Musical instruments in the Cantigas de Santa Maria

During the 12th and the 13th centuries, throughout the Christian world, flourished the cult of the Virgin Mary. Men saw her as an intermediary between the common people and God, her Son, and as a symbol of absolute love and immaculate service to a feminine idea. People were inclined to ask the Virgin to plead their cases with God, and large numbers of songs were devoted to her, singing her praise and recounting the miracles that she performed in aid of the pious and the clean of heart. There are many collections of these songs in Italian, French and Latin, but the largest one is the Cantigas de Santa Maria, compiled between 1260 and 1280 by Alfonso X, El Sabio (The Wise) “King of Castilla, Toledo, Leon, Galicia, Sevilla, Cordoba, Murcia, Jaen and the Algarbe”

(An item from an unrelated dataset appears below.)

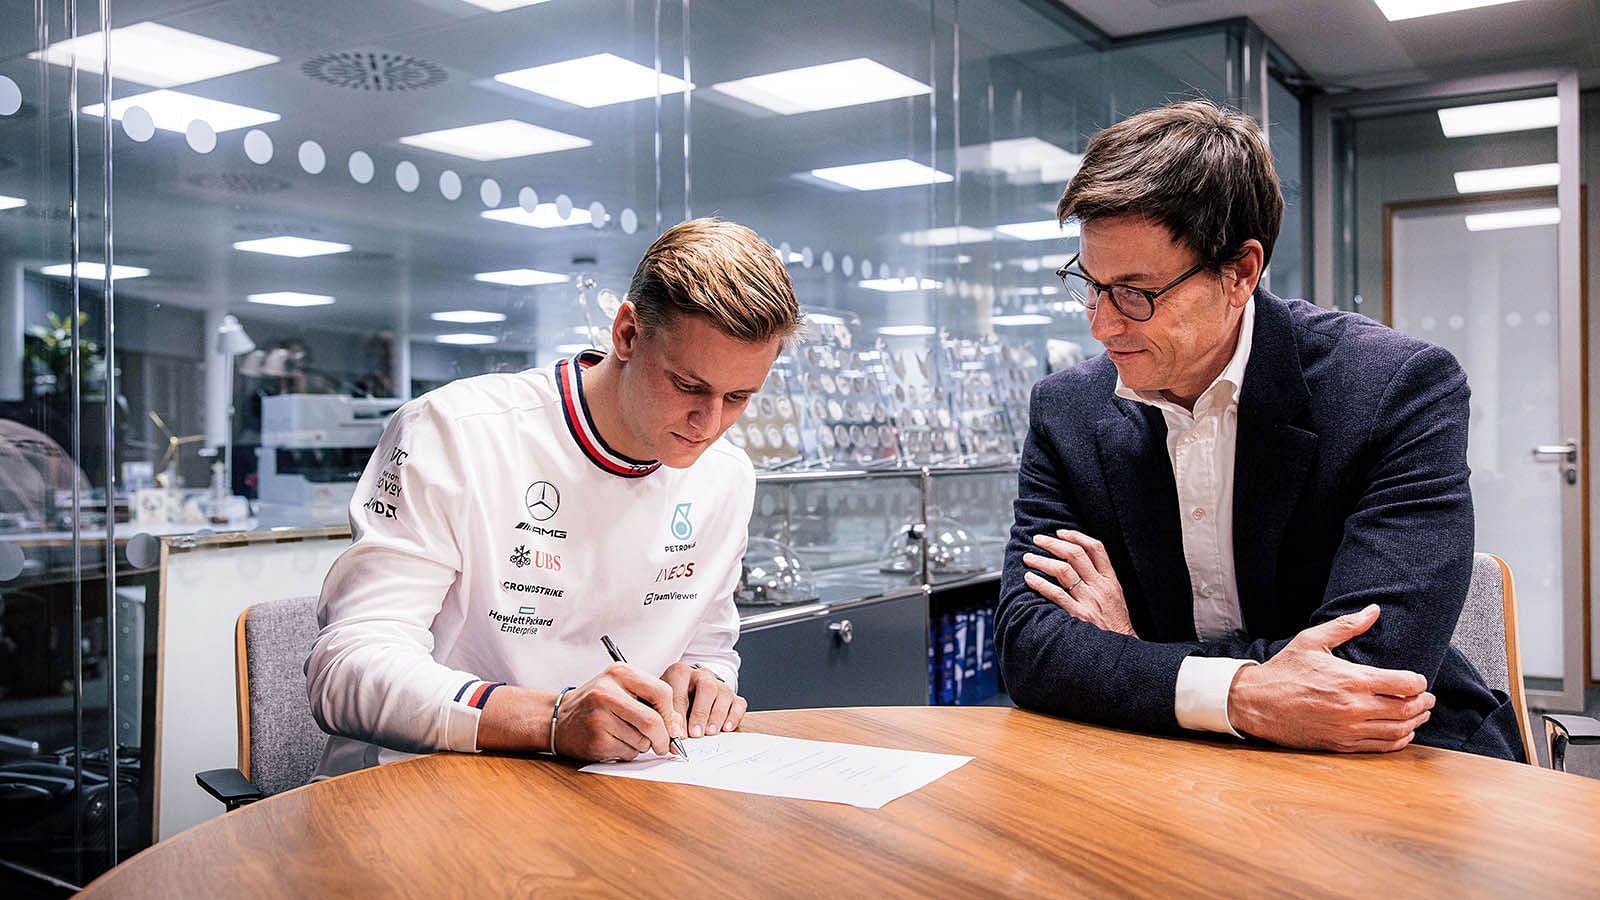 Toto Wolff feels Mick Schumacher could get shot at Mercedes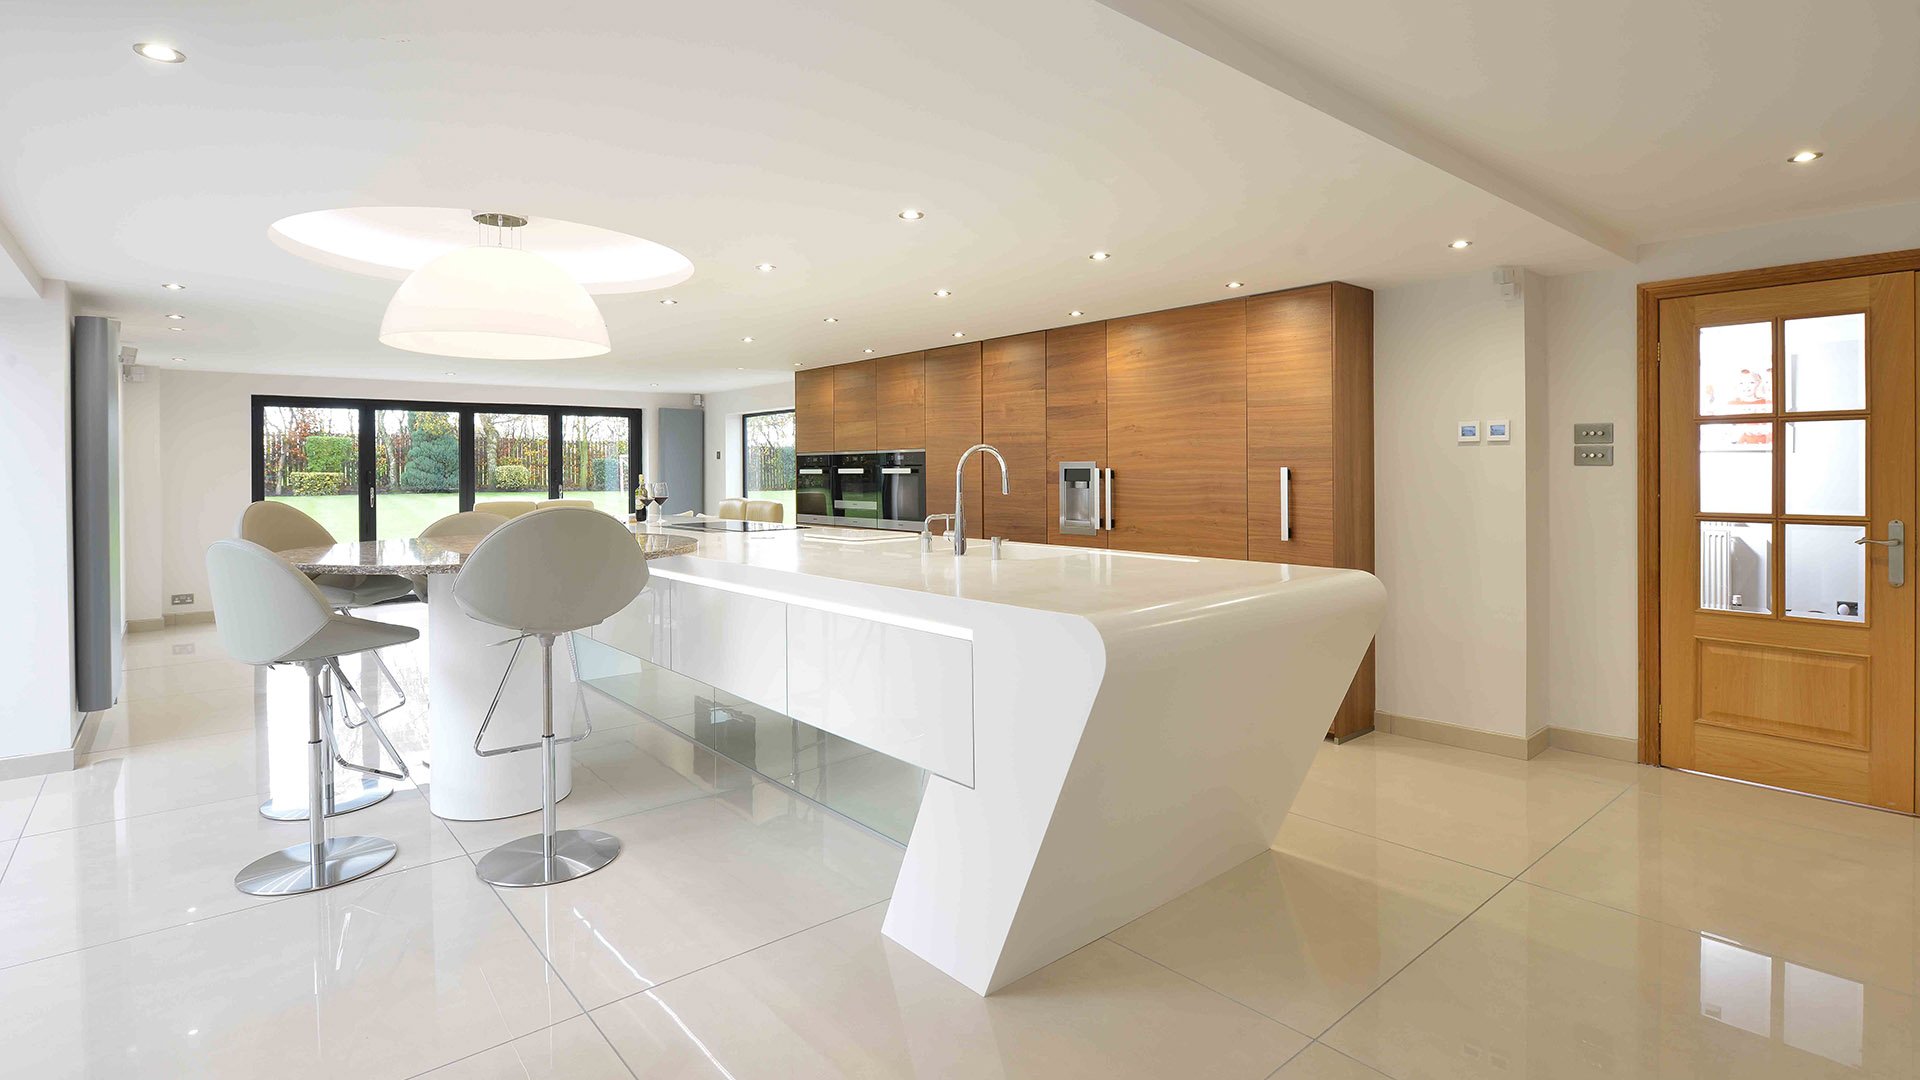 USES OF CORIAN IN THE HOUSE

There are some 426 cantigas contained in four manuscripts, of which three are in Spain (two in the monastery of Escorial and one in Madrid) and one in Florence. The two most important are the Escorial manuscripts. One contains 401 cantigas with their music and a series of richly illuminated miniatures of musicians holding instruments, giving us a first-hand clue of the instrumentation used in their performance. The variety of instruments is impressive. All types of stringed instruments, bowed (fidulas and rebab or rebec) or plucked (citterns or guitars, mandolas, lutes, psalteries or zithers and harps ), wind instruments (shawms and double shawms, bladder pipes, transverse flutes, pipes or recorders, trumpets, horns or trombas, bagpipes), percussion (drums and tabors, clappers or castanets, cymbals, chime bells) and even portative organ and organistrum or symphonia. Also, the miniatures seem to provide indispensable evidence that the Cantigas were sung by one or more voices variously accompanied by one, two or a group of instruments and sometimes by dancers (thanks to Leda Filippopoulou).